Publications
Carbon-Aware Computing for Datacenters
Green computing Cloud computing Carbon-aware datacenter
Authors: Ana Radovanovic, Ross Koningstein, Ian Schneider, Bokan Chen, Alexandre Duarte, Binz Roy, Diyue Xiao, Maya Haridasan, Patrick Hung, Nick Care, Saurav Talukdar, Eric Mullen, Kendal Smith, MariEllen Cottman, Walfredo Cirne
Year: 2021
Published in: arXiv preprint.
Read me: Arxiv.
Abstract: The amount of CO2 emitted per kilowatt-hour on an electricity grid varies by time of day and substantially varies by location due to the types of generation. Networked collections of warehouse scale computers, sometimes called Hyperscale Computing, emit more carbon than needed if operated without regard to these variations in carbon intensity. This paper introduces Google's system for Carbon-Intelligent Compute Management, which actively minimizes electricity-based carbon footprint and power infrastructure costs by delaying temporally flexible workloads. The core component of the system is a suite of analytical pipelines used to gather the next day's carbon intensity forecasts, train day-ahead demand prediction models, and use risk-aware optimization to generate the next day's carbon-aware Virtual Capacity Curves (VCCs) for all datacenter clusters across Google's fleet. VCCs impose hourly limits on resources available to temporally flexible workloads while preserving overall daily capacity, enabling all such workloads to complete within a day. Data from operation shows that VCCs effectively limit hourly capacity when the grid's energy supply mix is carbon intensive and delay the execution of temporally flexible workloads to "greener" times.
Bibtex (copy):Annotation
This paper presents Google’s Carbon-Intelligent Computing System (CICS), that uses carbon-intensity data to shift datacenter jobs in time.
Based on carbon-intensity and power cost, the system computes a metric named virtual capacity curve (VCC) that limits the amount of CPU resources available in a cluster. This metric is then used by the system instead of the existing default/real cluster capacity that is typically used by job schedulers. This approach makes the system scheduler agnostic, making it more modular.
Internally, this strategy uses cpu usage as a proxy of memory, disk, and power usage. Hence the estimated power consumption of a given task is only based on the required cpu-load. However, it is not clear how the cpu-load is defined for a given task.

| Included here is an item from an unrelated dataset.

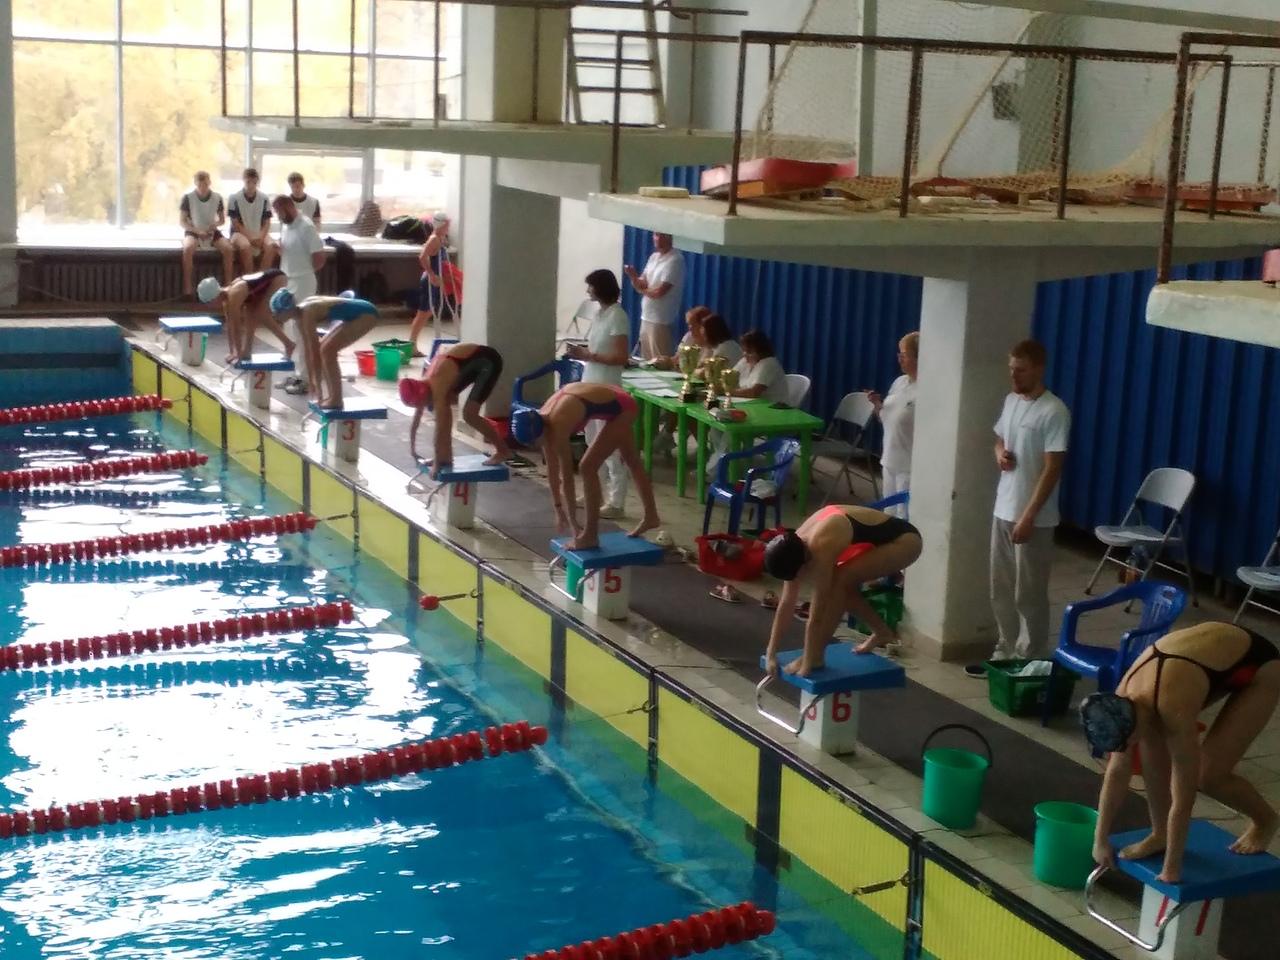 Сборная команда города Москвы выиграла общекомандный зачет первенства России по плаванию среди спортсменов с ПОДА в Дзержинске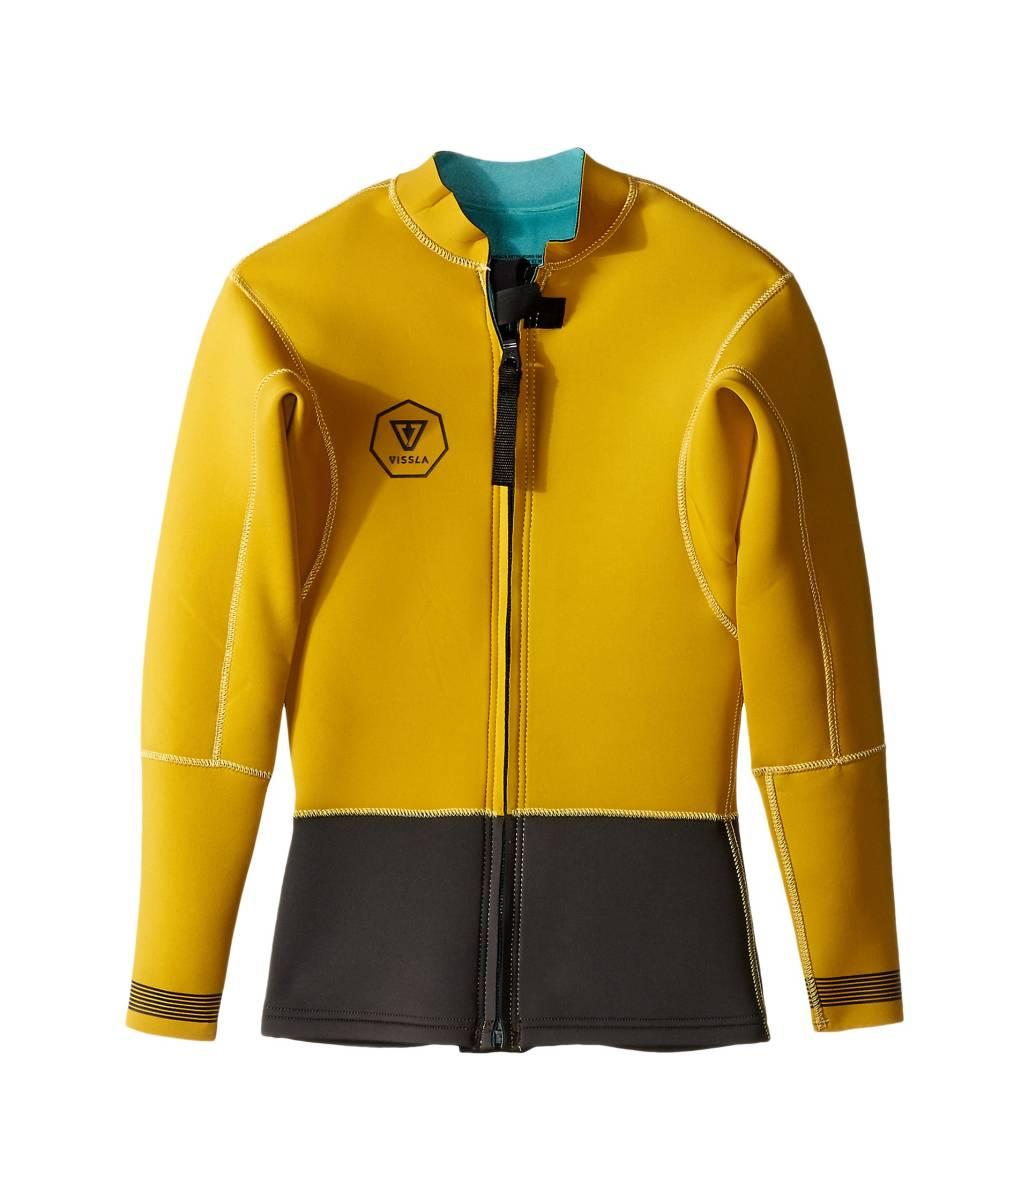 新品 VISSLA ヴィスラ 2mm Gold Size:M VISSLA Wetsuit Jacket Front Zip Gold_裏地は、空色でなく黒となります。

Tasks are divided between flexible and inflexible – I assume this is specified by the users, although it was not entirely clear. Hence, task shifting is only affecting flexible workload.
Flexible load is considered shapeable/shiftable as long as its total daily compute (CPU) demand is preserved. Moreover, if a cluster’s daily flexible demand is not met, the Carbon-Intelligent system is stopped for a week, allowing the forecasting models to adapt before reactivating it again.
Since the system forecasts VCC values, it allocates jobs according to it: i.e., if the carbon intensity is expected to be high before finishing a given task it might not start in the first place. More details are given in the paper when discussing the ramp-down period. Because of that, I would argue that it does not seem to perform well if there are sudden changes in carbon intensity. This is not critical because carbon intensity seems to have smooth variations at the hour-level.
Carbon intensity data is collected using electricityMap.org (previous Tomorrow). However, instead of using the carbon footprint directly, the system computes a cost metric in dollars using a factor expressed in dollars per kilogram of CO2 emitted. What’s more, they factor in an estimation of infrastructure costs driven by clusters peak power consumption, reducing demand for future infrastructure builds required to support peak workload. Although, this is not related to the power bill directly, it reduces the environmental impact of having the infrastructure in place – and, obviously, it reduces costs.
Future work will consider spatial-flexibility, shifting workload to datacenters in different location based on expected carbon intensity. The authors anticipate some challenges since load shifting to other locations has overheads that can increase the overall carbon emissions. Hence, there are plans to develop new models that explicitly characterise spatially flexible demand while considering rebound effects.
While this solution is not targeting AI systems in particular, machine learning tasks can easily fit the definition of flexible jobs. In fact, this is mentioned in the paper. It would be interesting to see how some of these ideas can be exported to generic contexts, beyond the Google setting and the order of magnitude of savings in terms of carbon emissions.